Falkland Sound review – the RSC’s history play tells the islanders’ story

The RSC’s Falkland Sound.
Political pawns … the RSC’s Falkland Sound. Photograph: Ellie Kurttz

When the RSC invited Brad Birch to write a play about Britain, his first impulse was to travel 8,000 miles, to the Falkland Islands. His uncle had served in the conflict over the colony and, 40 years on, Birch wondered about the islanders’ experience – forgotten people who for 74 days were the centre of the world’s attention.

Aldo Vázquez’s design has a model village charm –miniature versions of the distinctive clapboard houses on a felty floor of moss and khaki. It’s like an English rural town – though its climate is forbidding, its roads lumpy (“imagine a carpet made out of porridge”) and breakfast is scrambled penguin eggs.

Everything changes when Argentine troops fetch up on South Georgia. Occupation and liberation prove equally disorienting – the cast blink out with apprehensive eyes and shuffle little houses about the stage: their settled lives have been unmoored.

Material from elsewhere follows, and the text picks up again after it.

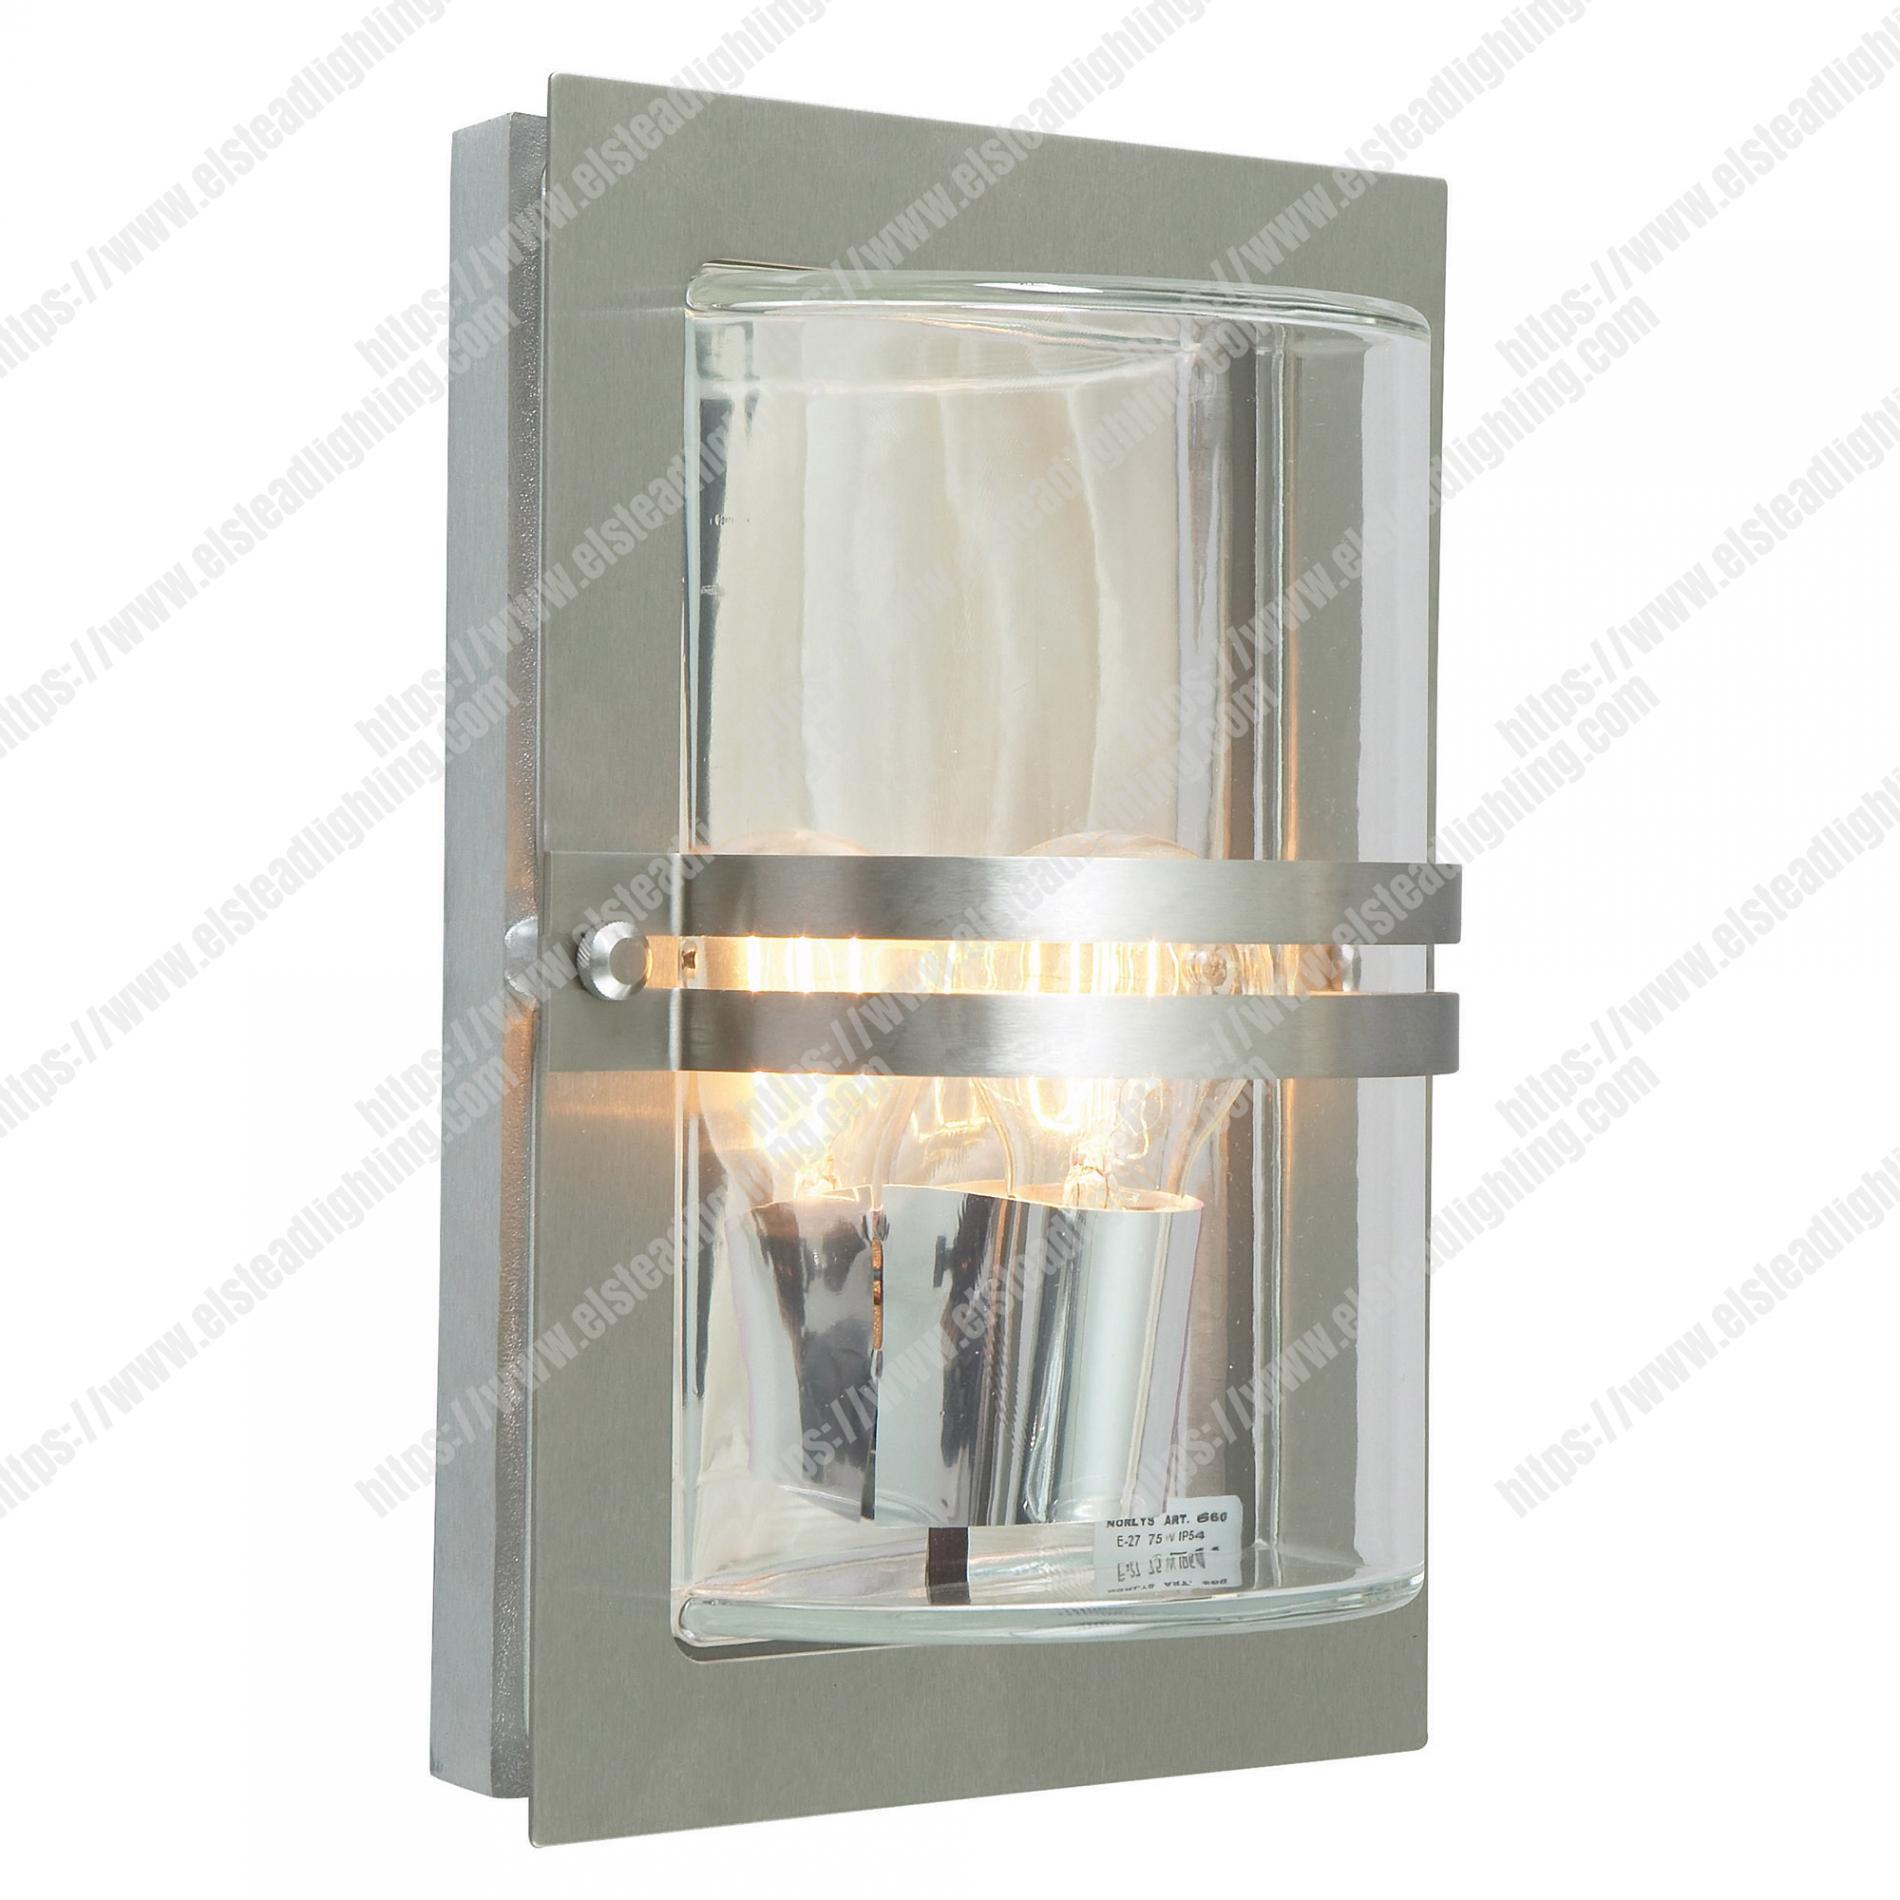 Light Wall Lantern Stainless Steel

This is, someone notes, “a history play”, and like Shakespeare’s own histories could use an edit. Busy but stale interludes show British press and politicians exploiting the invasion, all harrumphing platitudes. Birch’s mode is narration – the islanders want to explain how it felt at the unwelcome eye of this storm, but being narrated at becomes tiring. Aaron Parsons’ strongly cast production initially has a vivid physical life, but seems worn down by enervating conflict, until people sink despondently to the floor.

Community is a prized, insular value that increasingly comes under pressure. There’s a tight-knit, small-minded undertow from the beginning – “gossip, done right, is a form of exercise”, chirps Joanne Howarth’s droll neighbour. An Argentine researcher (woebegone Eduardo Arcelus) is gradually ostracised. Resolve begins to fray, hard truths are told or swerved.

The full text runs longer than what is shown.